Отсюда как будто бы напрашивается вывод, что условиями истинного сходства должны быть, напротив, возвращение воспринимающего субъекта и отсечение «ненужностей». Однако у Достоевского такой простой симметрией дело не исчерпывается. Согласно категорической формулировке писателя, «.все искусство состоит в известной доле преувеличения <.> Например, у оригинала несколько велик нос; для сильнейшего сходства надо сделать его чуть-чуть подлиннее.» [Достоевский 1972-1990, XIX, 162]. Подобие утверждает себя там, где от него отступают, и ответственен за это субъект.

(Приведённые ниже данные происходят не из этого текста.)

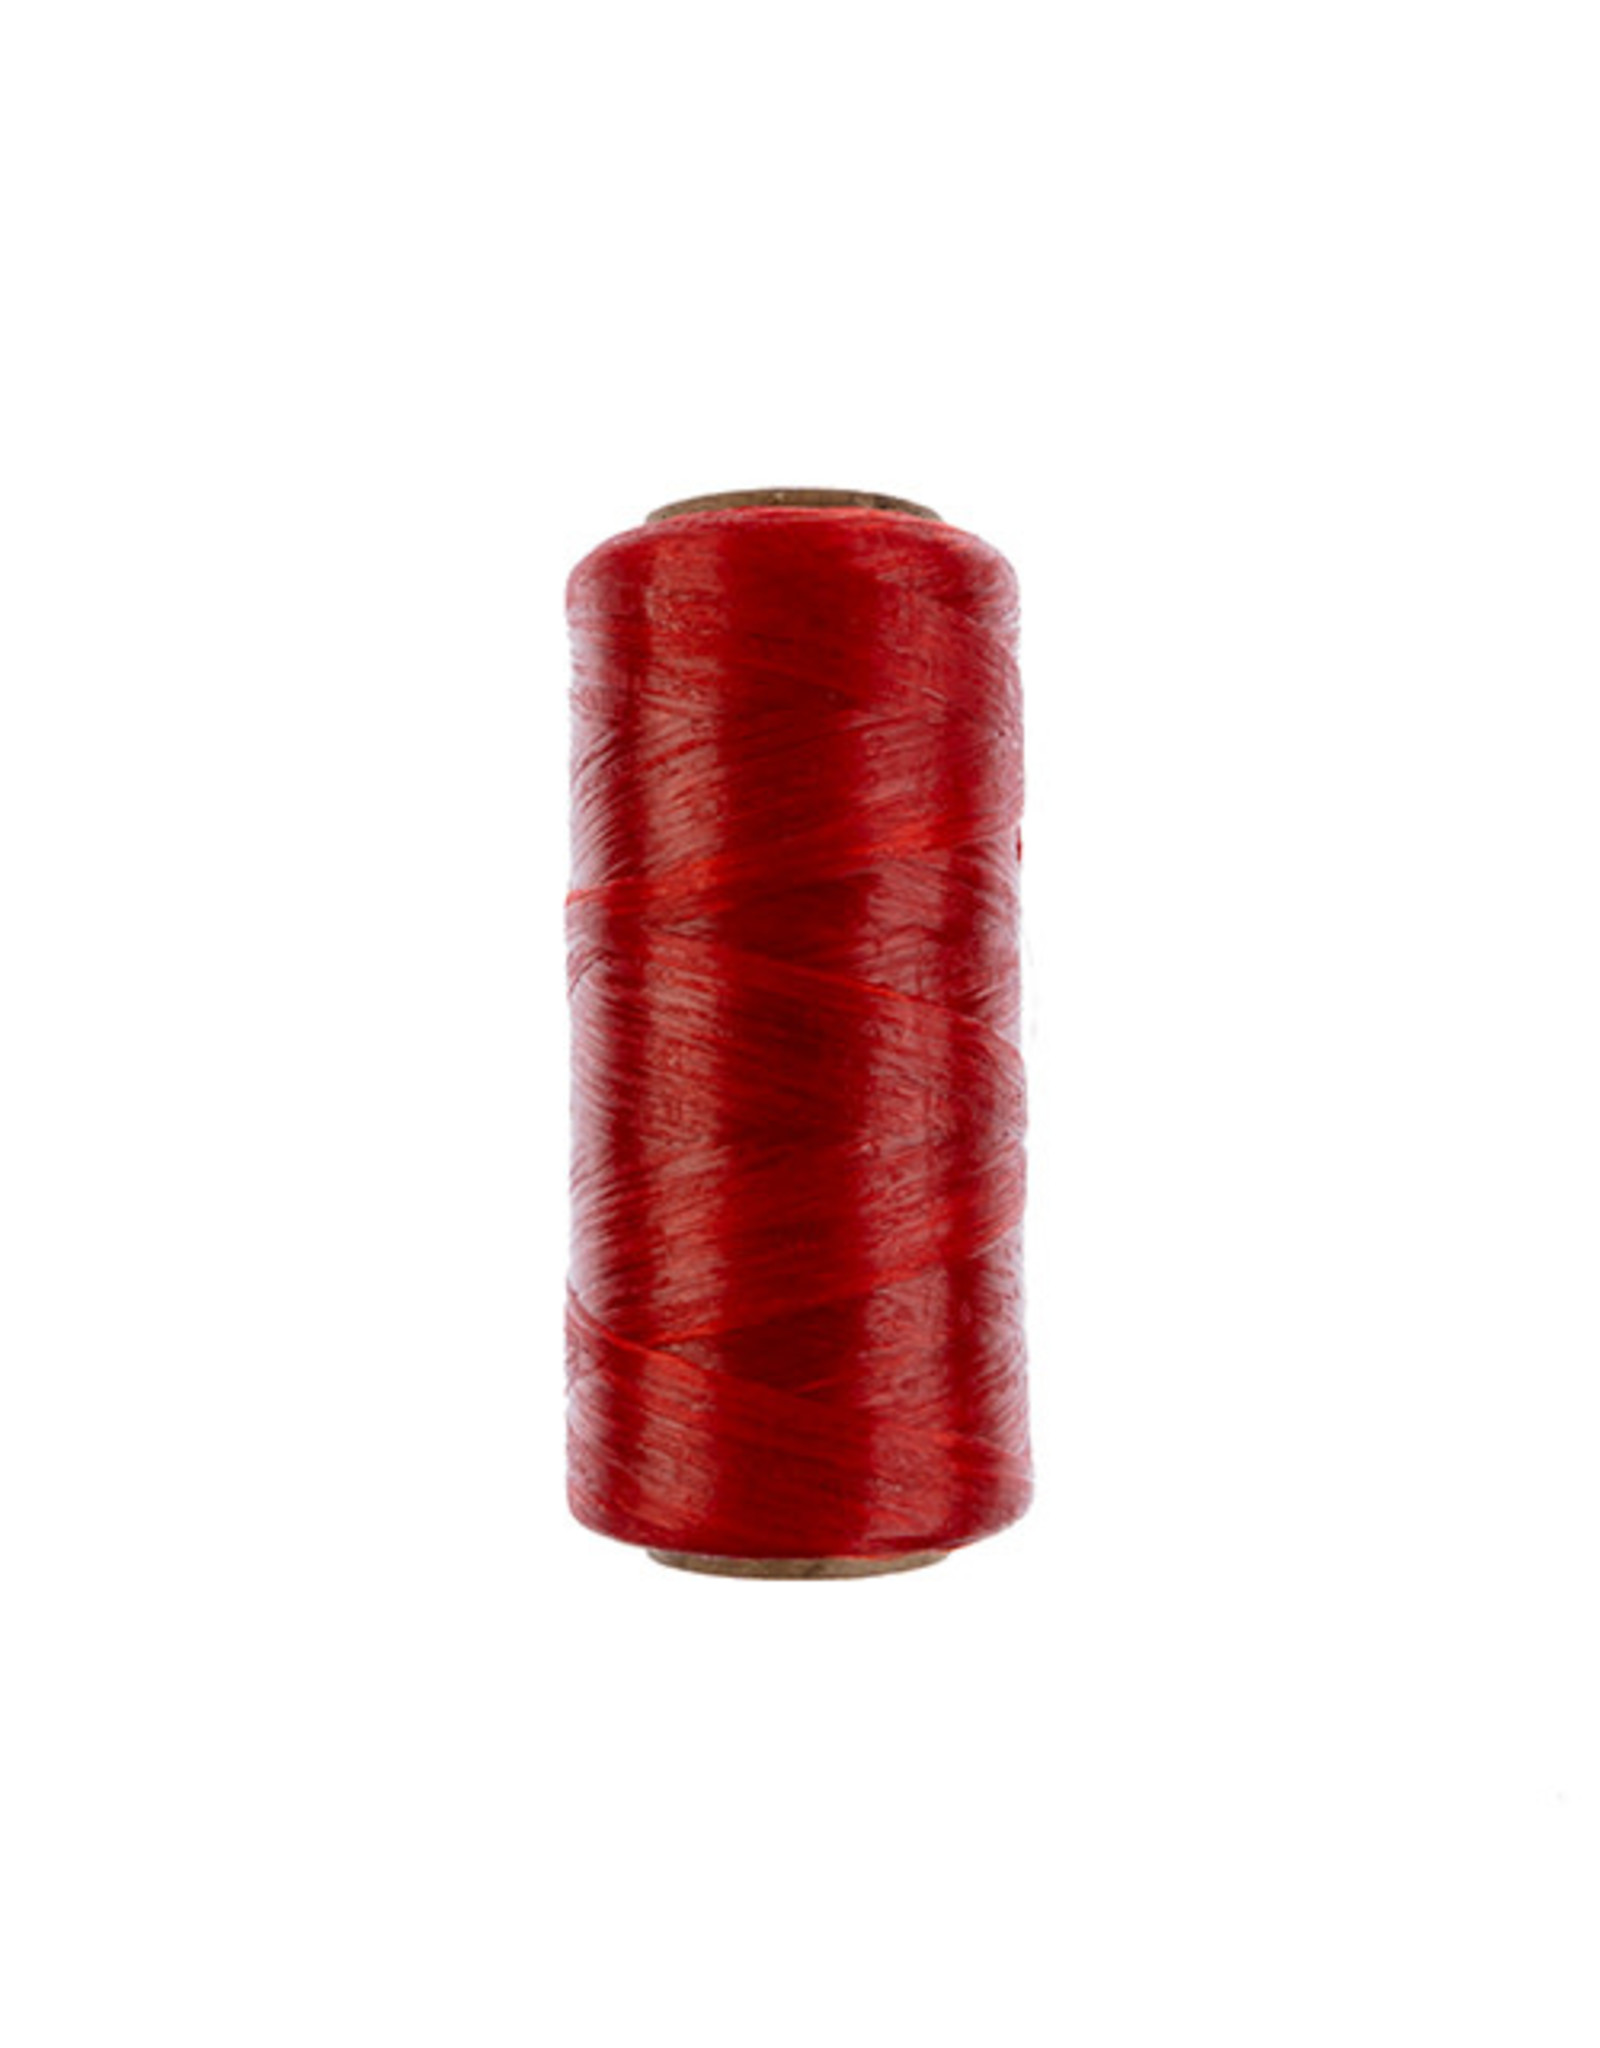 Imitation Sinew  70lb 5 Ply Red  450 ft

В близком направлении (и с использованием той же топики) развертывается полемика с эстетикой Н.Г. Чернышевского. В записных книжках и тетрадях первой половины 60-х гг. (как и в ряде статей), саркастически протестуя против «теории яблока», против идеи, что настоящее яблоко выше яблока нарисованного, Достоевский в одном месте поместит друг за другом две заметки: «Человек с двумя ушами, но вам непременно хочется обстричь одно ухо ножницами, и вот создается журнал с специальною целью обстричь у себя это ухо и ходить об одном, да и других склонить к тому же»; «Резать носы» [Достоевский 1972-1990, XX, 157]. А в другом месте мы находим рядом такие записи: «Яблоко натур<альное>»; «Вы хотите заставить человечество не объясняться образами. (режь нос). <.> Каждый язык полон образами и метафорами.»; «Дв<ойниче>ство» [Достоевский 1972-1990, XX, 205]. Искусство, порождая образы (истинные

подобия), удлиняет носы; не-искусство, создавая двойников (дубликаты, ложные подобия), носы режет. Первое для человека естественно; второе -противоестественно.

Любопытно, однако, что в обоих случаях - и воюя против «фотографической точности», и издевательски воспроизводя «теорию яблока», Достоевский следует метонимической, синекдохической модели (ср.: [Фаустов 2018]), подразумевающей разделения объекта на части и тем самым открывающей путь логике вычитания - избавления от «ненужностей» или от «нужностей». В итоге оказывается, что истинное сходство отклоняется от зеркального подобия двояким образом, парадоксально требуя одновременно и «преуменьшения», и «преувеличения» (равно как - в обратной перспективе - выясняется, что и ложного сходства по отношению к истине всегда слишком много и слишком мало: человек с одним ухом или без носа - это тоже отрицание идентичности). Но и с «преувеличением», в свою очередь, у Достоевского все обстоит опять-таки не очень благополучно. Если вернуть в цитированную формулировку выпущенные фрагменты, то обнаружится, что у подобного действия есть «известные границы», которые нарушать нельзя: «.затем, если прибавить носа еще немножко, выйдет карикатура» [Достоевский 1972-1990, XIX, 162]. В отличие от фотографии, пребывающей в плену у случайности, карикатура служит истине, но слишком усердно, а потому и фотография, и карикатура впадают в неправду. Активность воспринимающего субъекта должна себя сдерживать, и об этом Достоевский также не однажды высказывается, призывая к смирению перед фантастической реальностью жизни. К примеру, в «Дневнике писателя за 1877 год» говорится, что мы всегда смотрим на действительность «предвзято»: «Если же подчас вдруг разберем и в видимом увидим не то, что хотели видеть, а то, что есть в самом деле, то. <.> .подчас, клянусь, поверим скорее чуду и невозможности, чем действительности, чем истине, которую не желаем видеть» [Достоевский 1972-1990, XXV, 123]. Слепота на этот раз служит синонимом не устранения субъекта, а его (субъекта) избыточно назойливого присутствия. Да и весь феномен мечта-тельства, в интерпретации писателя, косвенно свидетельствует о том, куда может завести чрезмерное пренебрежение границами адекватности.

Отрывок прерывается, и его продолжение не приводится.